Americans are still scared to take all of their vacation days

Even as workers take more vacation days, the gap between the number of days they're offered and the number of days they actually take isn't narrowing

By Bloomberg News

May 24, 2017 @ 3:38 pm EST

Americans are notoriously bad at taking what little paid time off they get from their jobs. But there is one way to get people to take more paid vacation: Give them more of it.

As the economy recovers, companies are offering employees better benefits of all sorts, including more vacation days. Last year, full-time workers who get paid time off from their jobs earned, on average, 22.6 paid vacation days, up .7 days from the year before, according to an annual survey by Project: Time Off, a travel industry-funded initiative to get more people to take vacation.

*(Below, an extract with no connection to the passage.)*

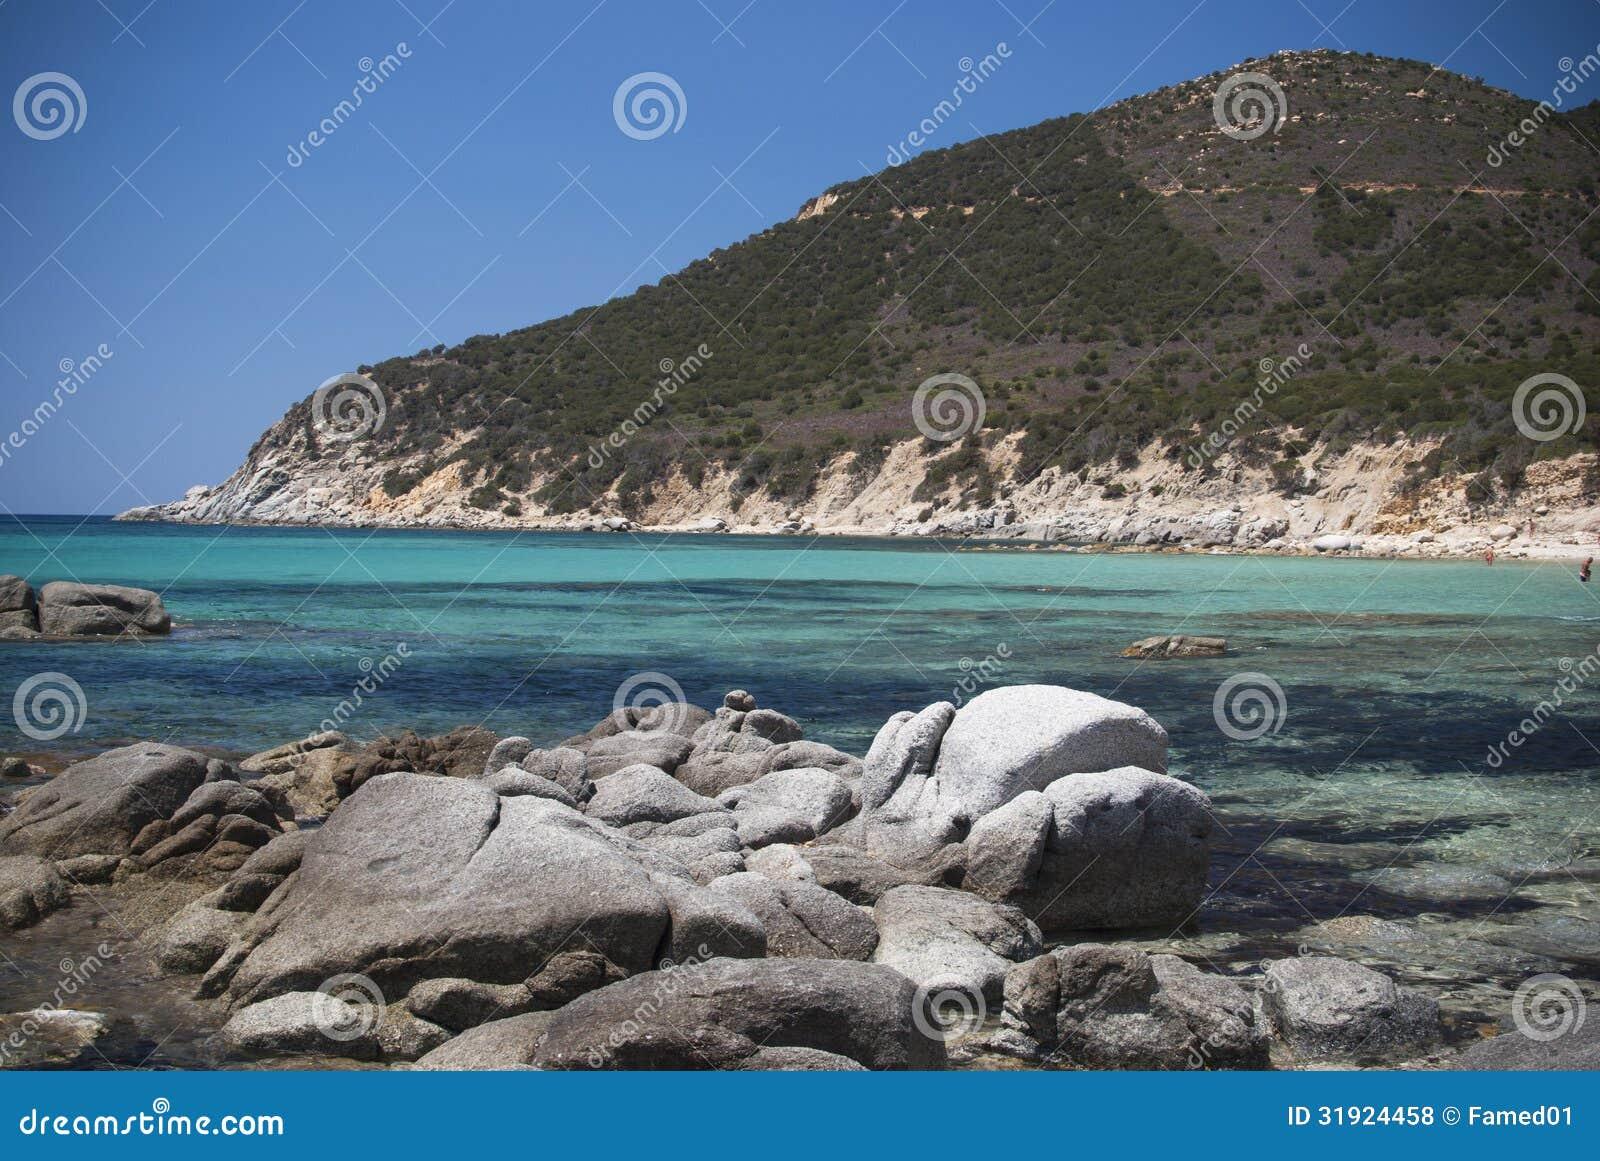 撒丁岛。热带水和岩石

They're using more days, too, the survey found. Last year, they took an average of 16.8 days off, up more than half a day from the year before and almost a full day from 2013. "Half a day is a big deal," said Katie Denis, the senior director at Project: Time Off.

The survey of 7,331 workers didn't include the quarter of non-government American workers, including part-time ones, who get no paid vacation at all. (The lowest-paid workers tend to get the least paid time off, according to the Bureau of Labor Statistics.)

As workers feel more comfortable in their jobs, they feel more comfortable taking days off, said Evren Esen, the director of survey programs at the Society of Human Resource Management. "During the recession and post-recession, there may have been more of a sense of, 'I need to be there, I need to make sure my job is secure,' and not go off and take vacations multiple times a year," she said.

Those attitudes haven't vanished completely. Over half of the workers surveyed are leaving some vacation time on the table, Project: Time Off found. Even as they take more vacation days, the gap between the number of days they're offered and the number of days they actually take isn't narrowing.

Asked what was keeping them from taking more time off, a quarter of respondents said they don't take vacation for fear they'll be seen as less dedicated to their work, or as replaceable; about a fifth said they fear they'll lose out on a raise or promotion if they take all their vacation. "More than anything else, it's this fear that I could be seen as replaceable," said Ms. Denis. "We have these post-recession fears that still linger."